Moody’s Jumps on Recession Bandwagon, by Wolf Richter

Make no mistake, the global economy is getting worse and is headed into a recession. Some parts of the world are already there, and the US is not going to be a safe haven. The following article highlights deterioration on multiple fronts. From Wolf Richter at wolfstreet.com:

These crazy days of ours, if you want to have confirmation the economy is sliding into trouble, look at stocks: for stock-market jockeys, crummy economic data indicates that the Fed won’t raise interest rates. And stocks jump.

Maybe not jump, exactly. But the S&P 500 rose 0.9% for the week, its third weekly gain in a row, following another decline in industrial production, weak retail sales propped up by autos and restaurants, falling wholesales and business sales, rising inventories, a lackluster employment report…. The word “recession” is floating around, and when it hits, stocks might make a big new high. That’s the twisted hope.
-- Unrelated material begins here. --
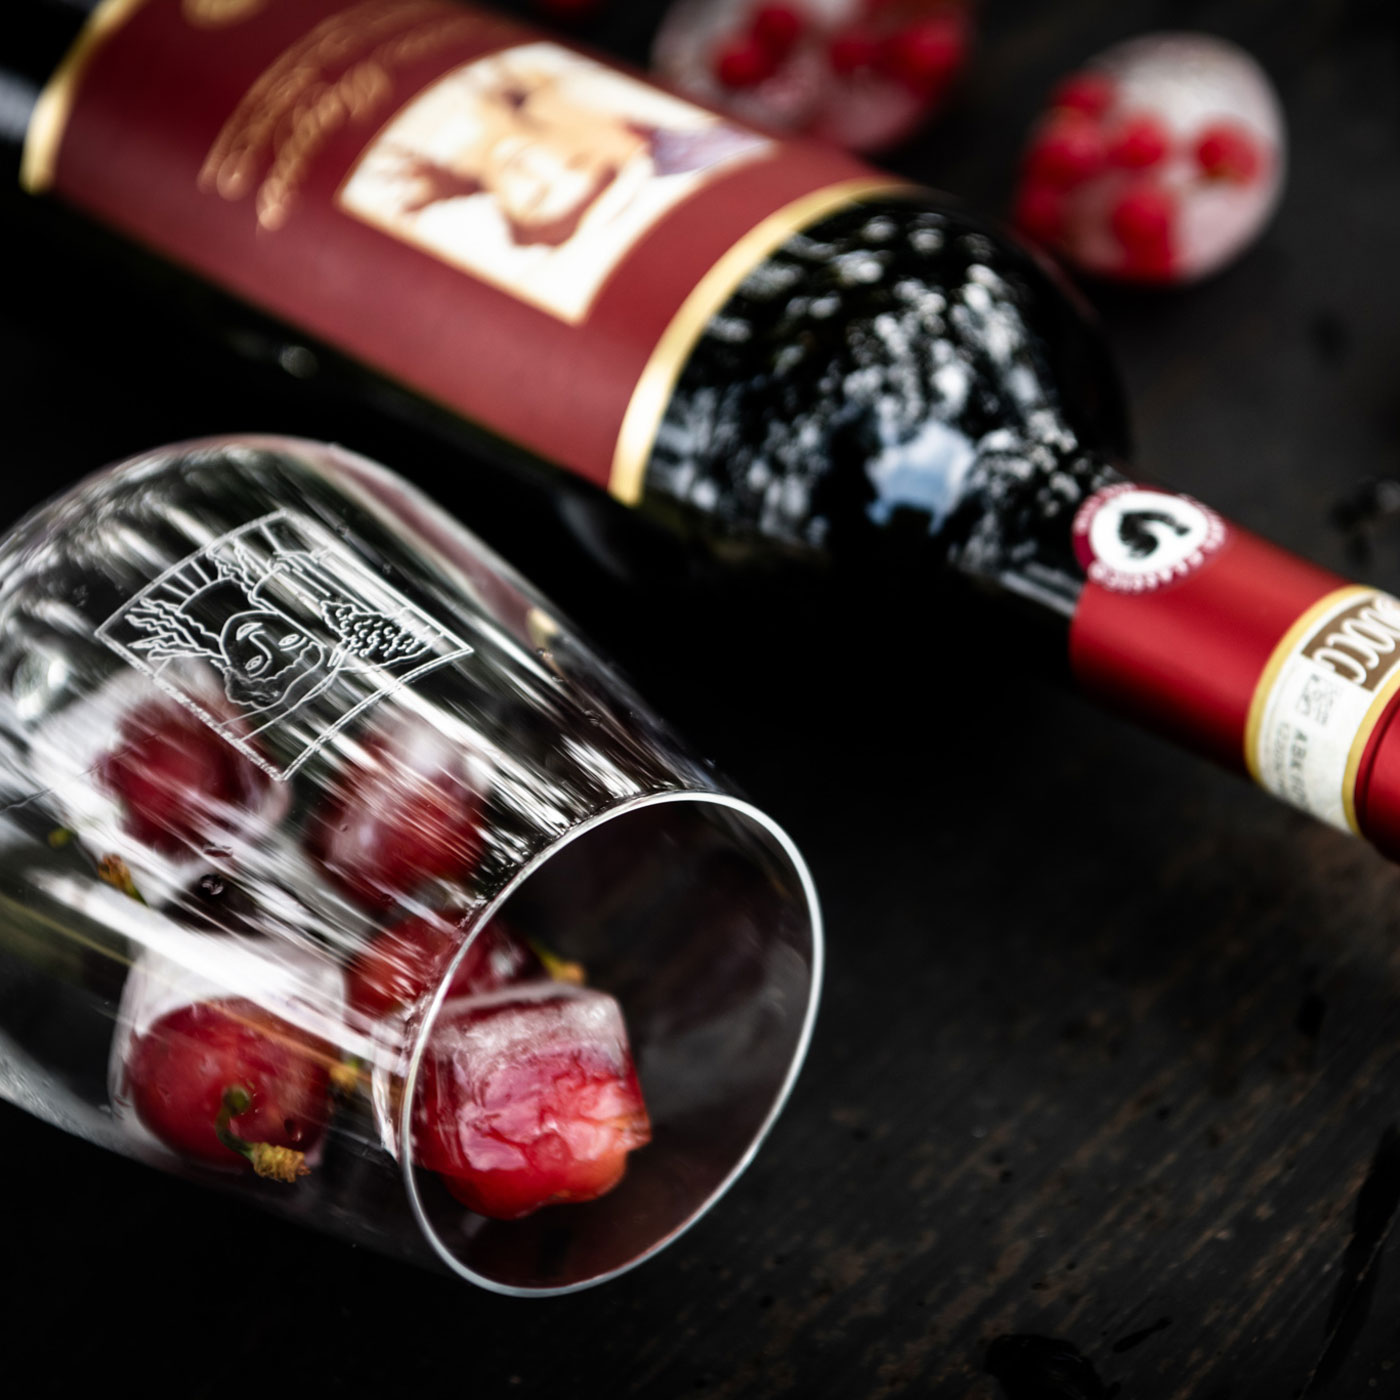 Enjoy the Chianti Classico organic red wine buy buying online or wine tasting

And now Moody’s has jumped on the recession-warning bandwagon too, with a logic of its own.

First, there’s credit: the spigot is getting turned off.

For the last three weeks, only one junk-rated company was able to issue bonds in the US. And just in the US: “This is shaping up to be the worst October for the worldwide issuance of high-yield bonds” since October 2011, wrote John Lonski, Chief Economist at Moody’s Capital Markets Research. He warns of “reduced access to financial capital.”

But unlike October 2011, when the euro debt crisis caused wild gyrations in the bond markets, which then recovered quickly, this time around, there might not be an easy recovery: average yields and spreads are still low in comparison to 2011, but the average expected default frequency (EDF) for US/Canadian junk-bond issuers, which was 3.85% in October 2011, is now a “much riskier” 5.20%.